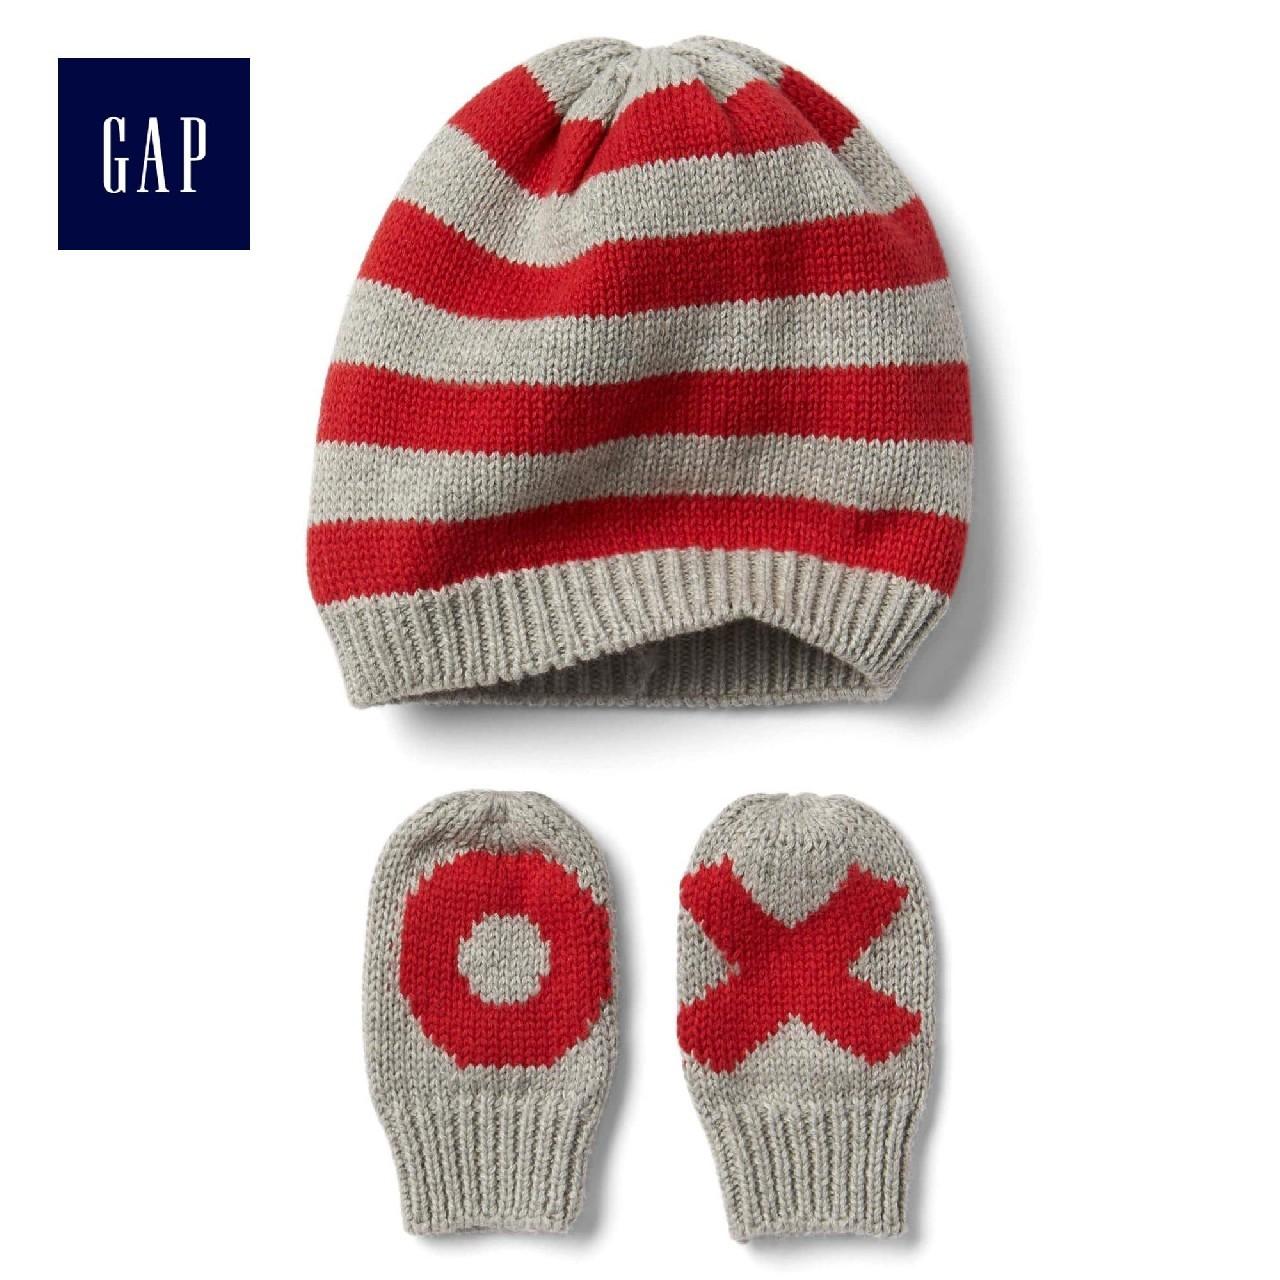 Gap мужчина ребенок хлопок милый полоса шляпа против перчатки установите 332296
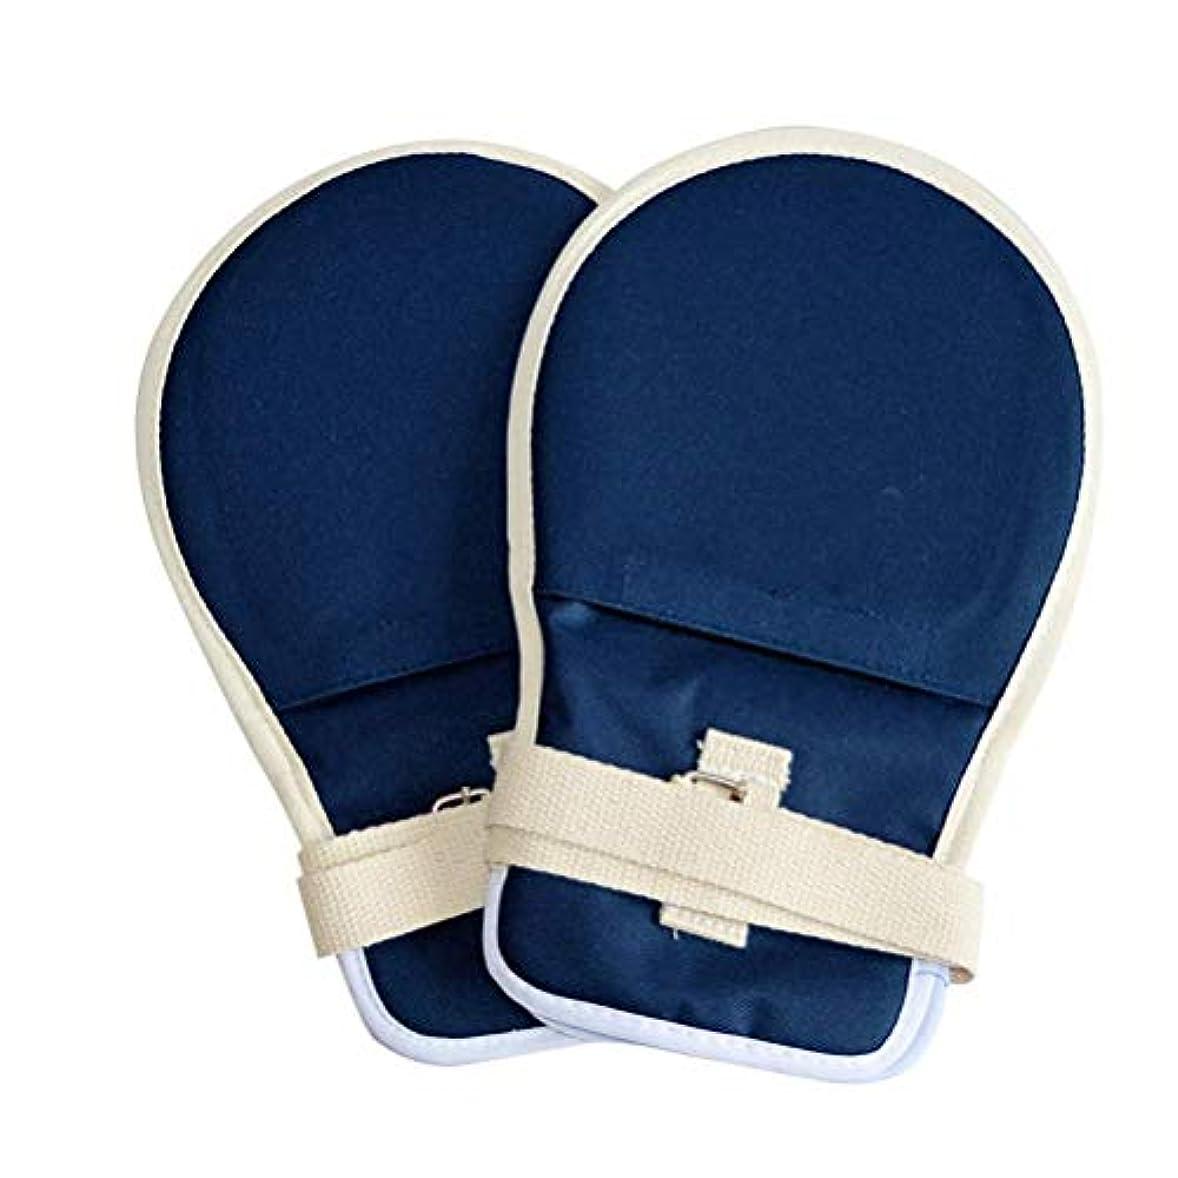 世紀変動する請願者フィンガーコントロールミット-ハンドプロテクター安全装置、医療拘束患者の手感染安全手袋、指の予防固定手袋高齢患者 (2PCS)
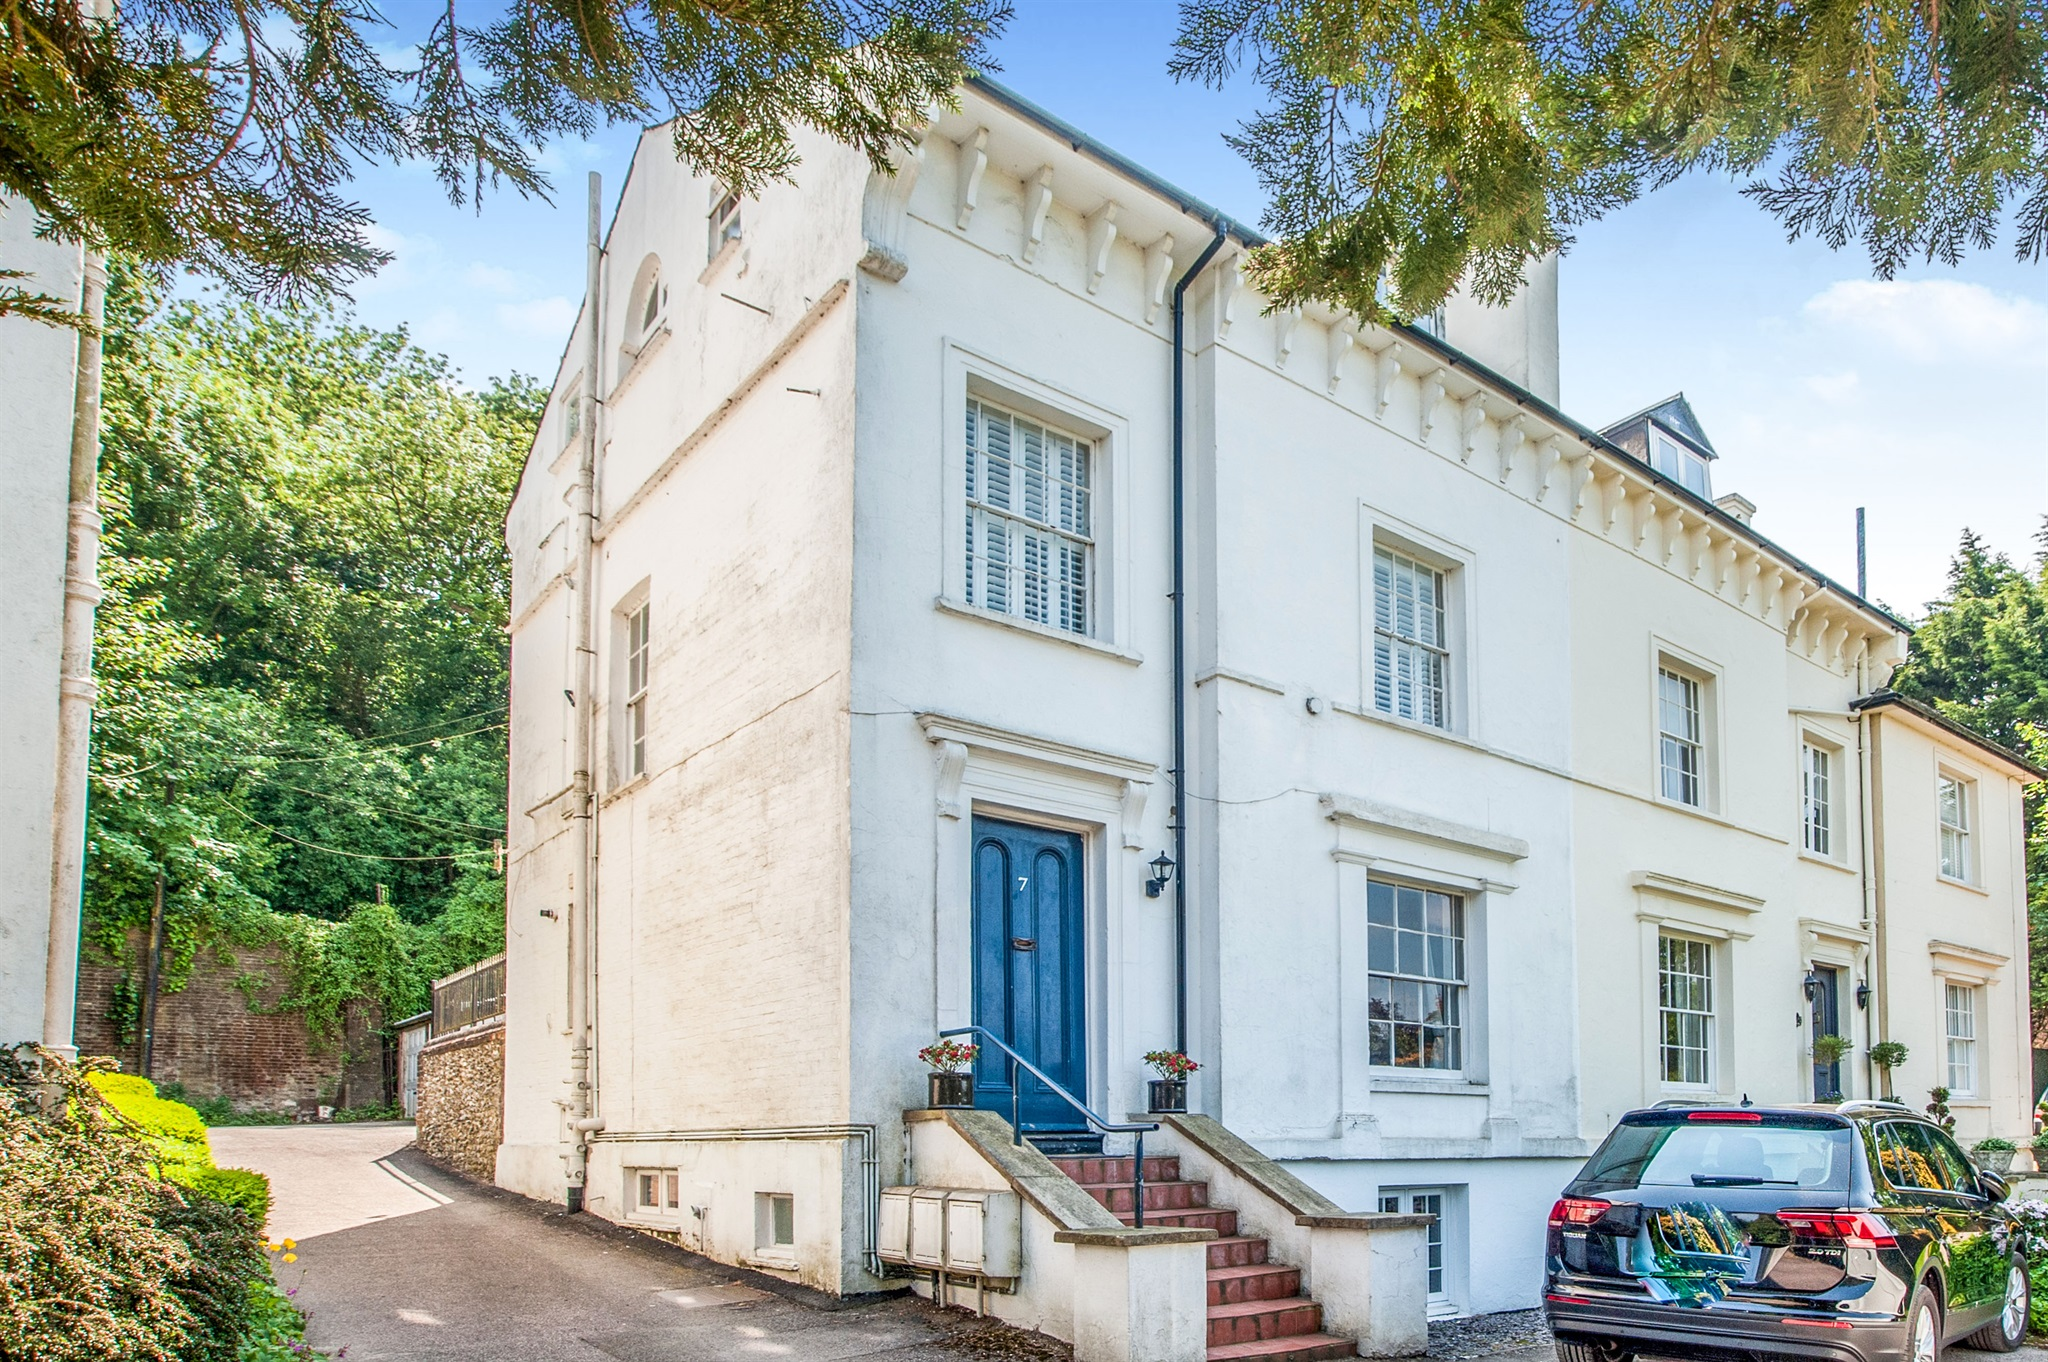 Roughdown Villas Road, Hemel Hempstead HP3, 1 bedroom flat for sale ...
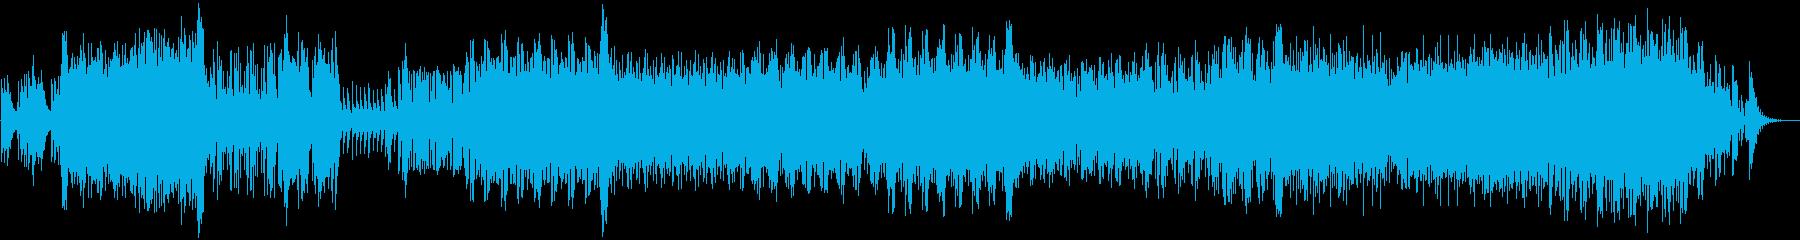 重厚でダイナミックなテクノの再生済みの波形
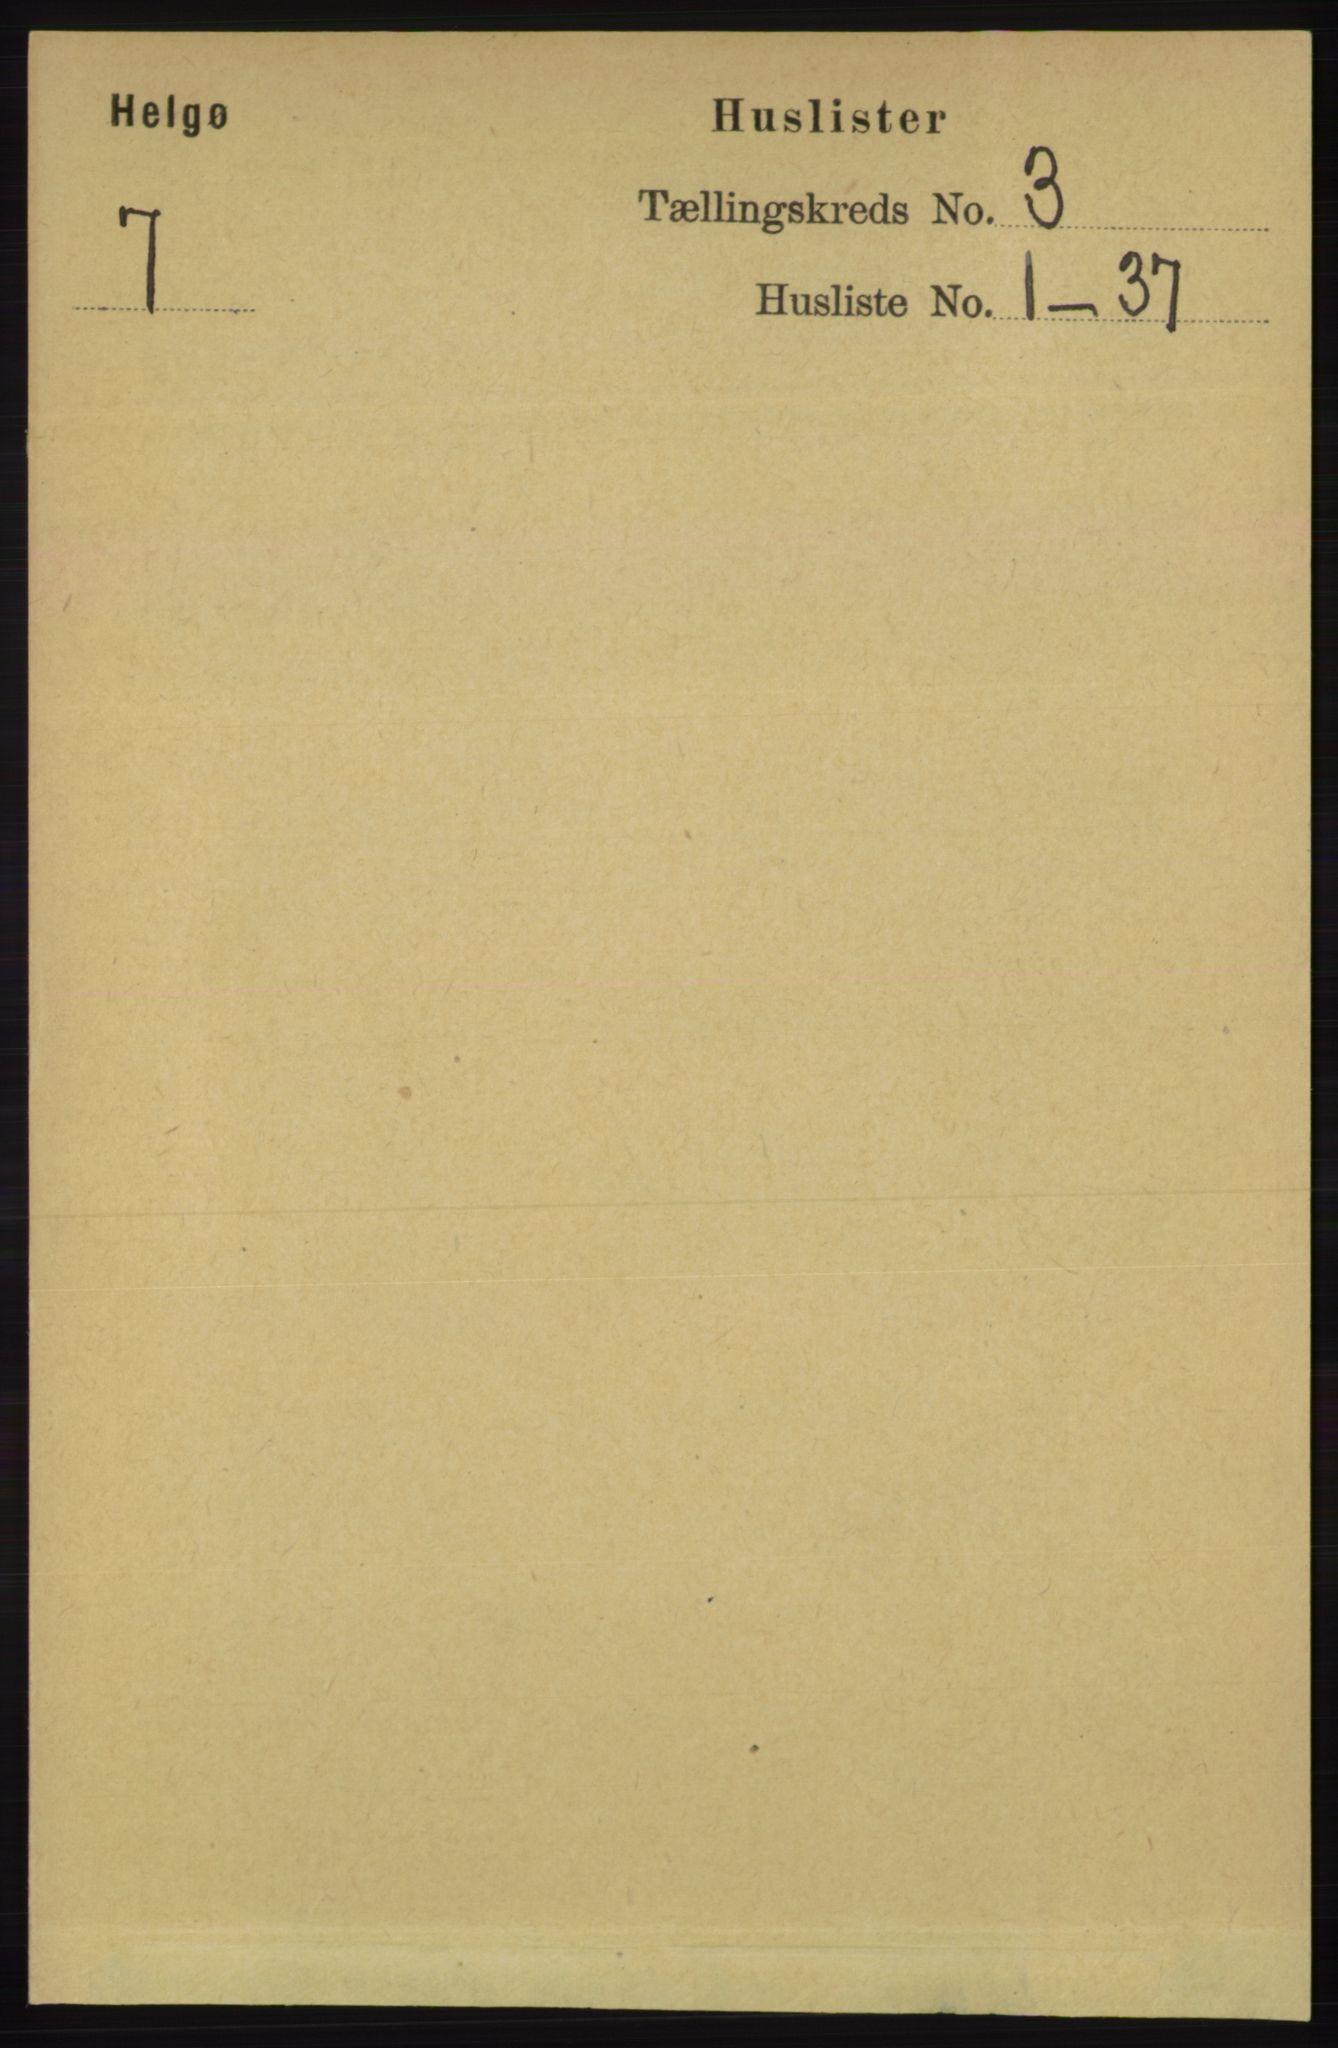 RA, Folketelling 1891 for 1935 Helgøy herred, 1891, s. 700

━━━━━━━━━━━━━━━━━━━━

**Try it:** Pictures are not part of the copy. Extract exactly the lines from the line containing "重厚でダイナミックなテクノの再生済みの波形" through the final line of the entries above, both included.

**Solution to the exercise:**
 重厚でダイナミックなテクノの再生済みの波形
 RA, Folketelling 1891 for 1935 Helgøy herred, 1891, s. 700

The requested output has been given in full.